Why this matters: This capstone brings together nearly every concept from the course: LLM APIs, prompt engineering, tool use, RAG, LangGraph orchestration, guardrails, evaluation, and deployment. The supervisor pattern (central orchestrator routing to specialized agents) provides predictability and debuggability — each agent has a clear role, and you can inspect the state at any point.
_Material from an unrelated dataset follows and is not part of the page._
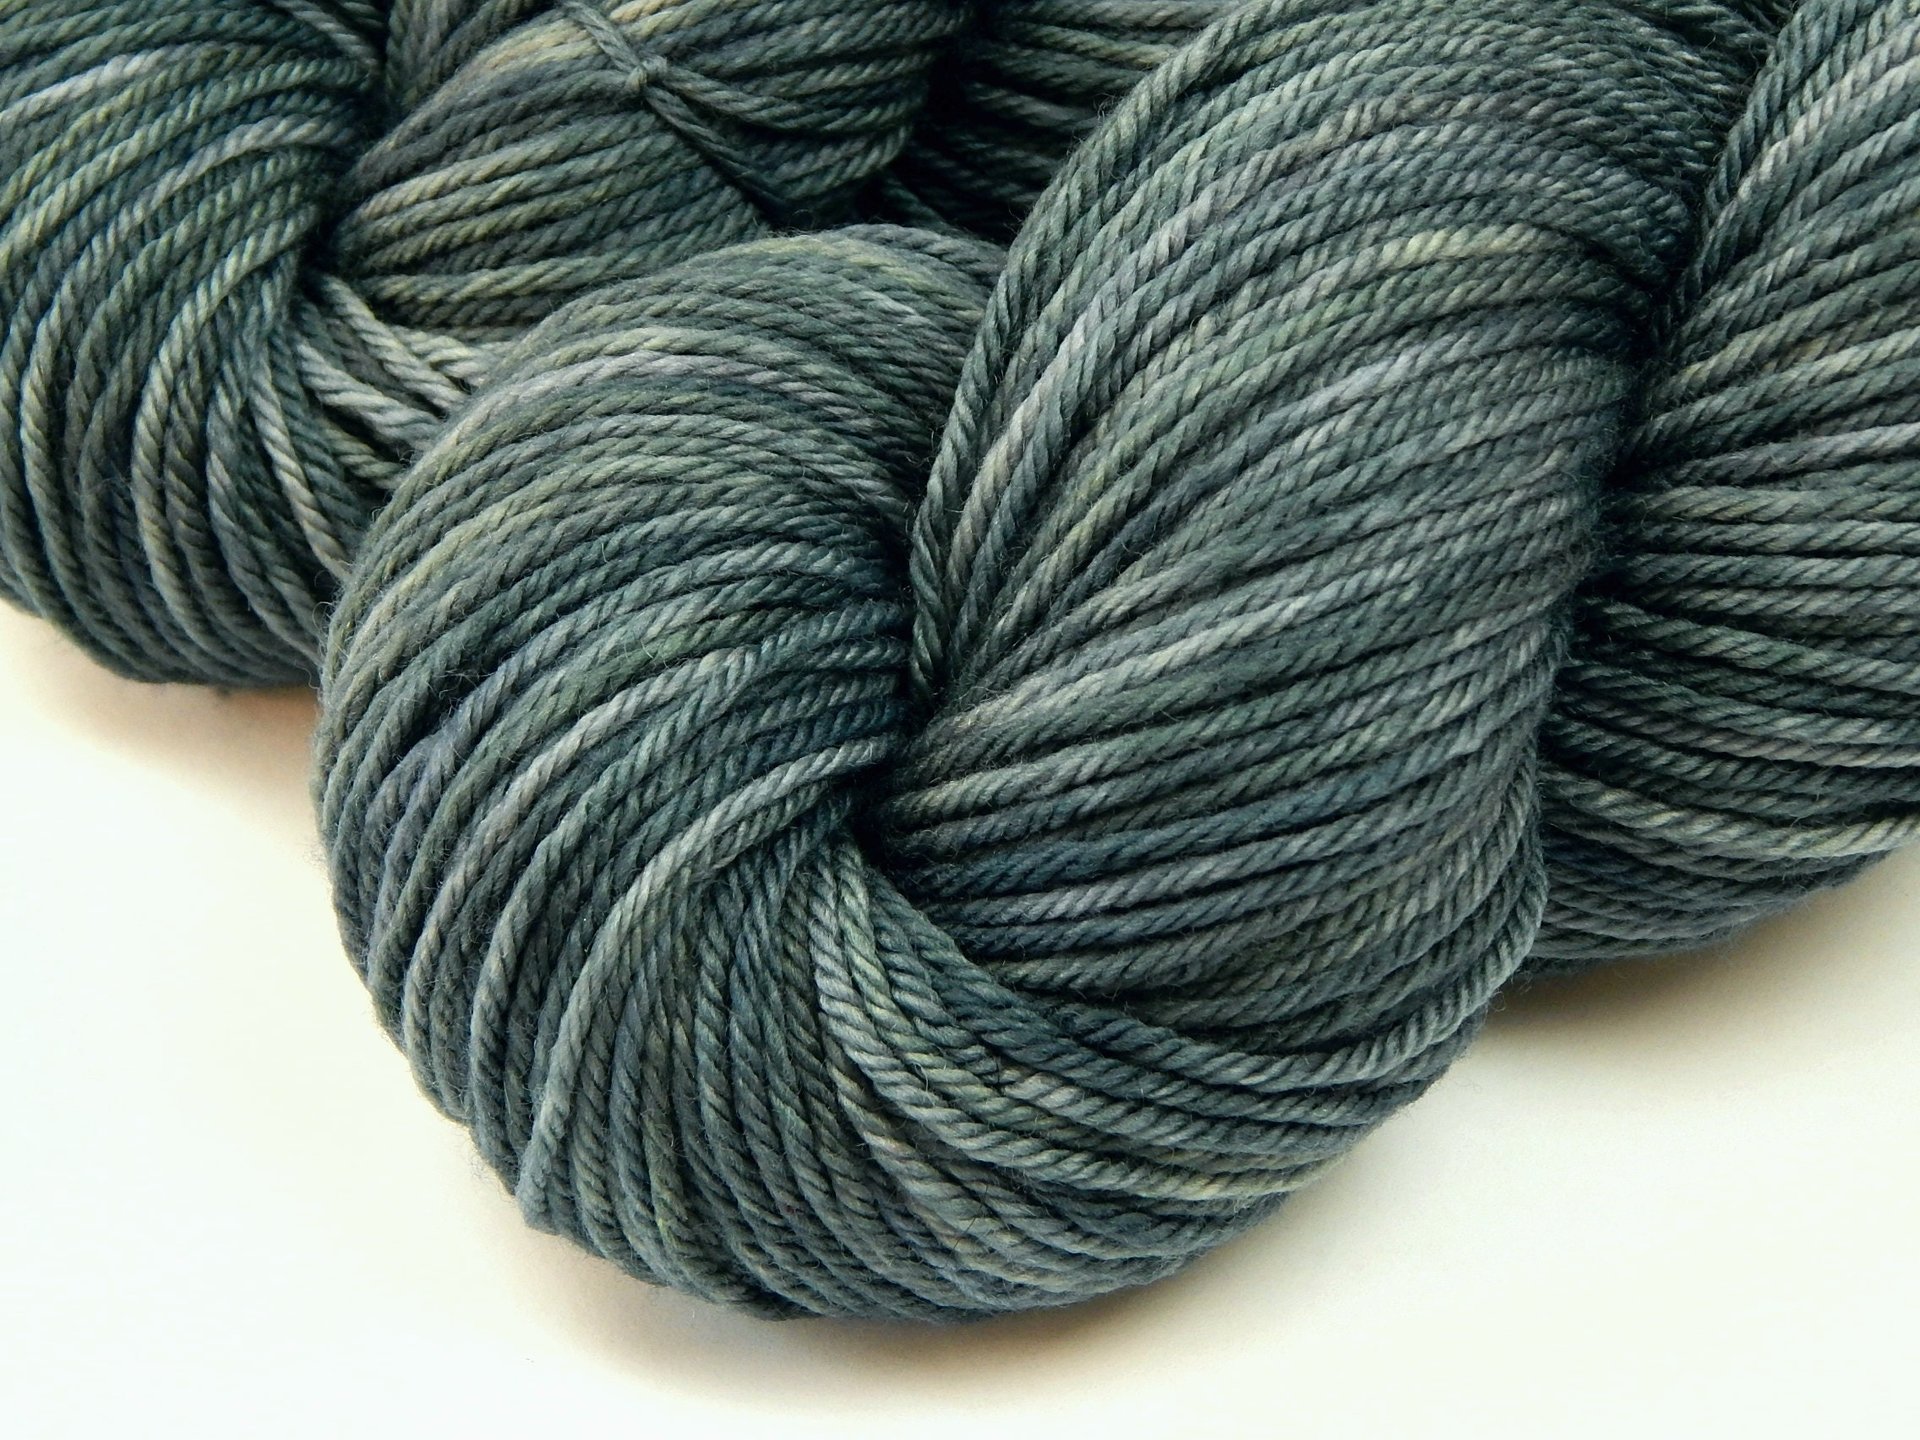 Hand Dyed Yarn, Worsted Weight 100% Superwash Merino Wool - Denim - Indie Dyer Knitting Yarn, Tonal Slate Blue Yarn Skein, Handdyed Yarn

The state is the central data structure that flows through every node:
from typing import TypedDict, Annotated
from langgraph.graph import add_messages
class ReportState(TypedDict):
topic: str # User's report topic
plan: dict # Research plan from Planner
plan_approved: bool # Human approval flag
research_notes: list[dict] # Raw findings from Researcher
analysis: str # Synthesized analysis
report: str # Final report (Markdown)
review_feedback: str # Reviewer's feedback
review_passed: bool # Quality gate
revision_count: int # Track revision loops
messages: Annotated[list, add_messages]
budget_used: float # Cost tracking ($)
errors: list[str] # Error log
The state grows as each agent contributes. The revision_count prevents infinite loops — after 3 revisions, the system accepts as-is and flags for human review. The budget_used field tracks accumulated API costs to enforce spending limits.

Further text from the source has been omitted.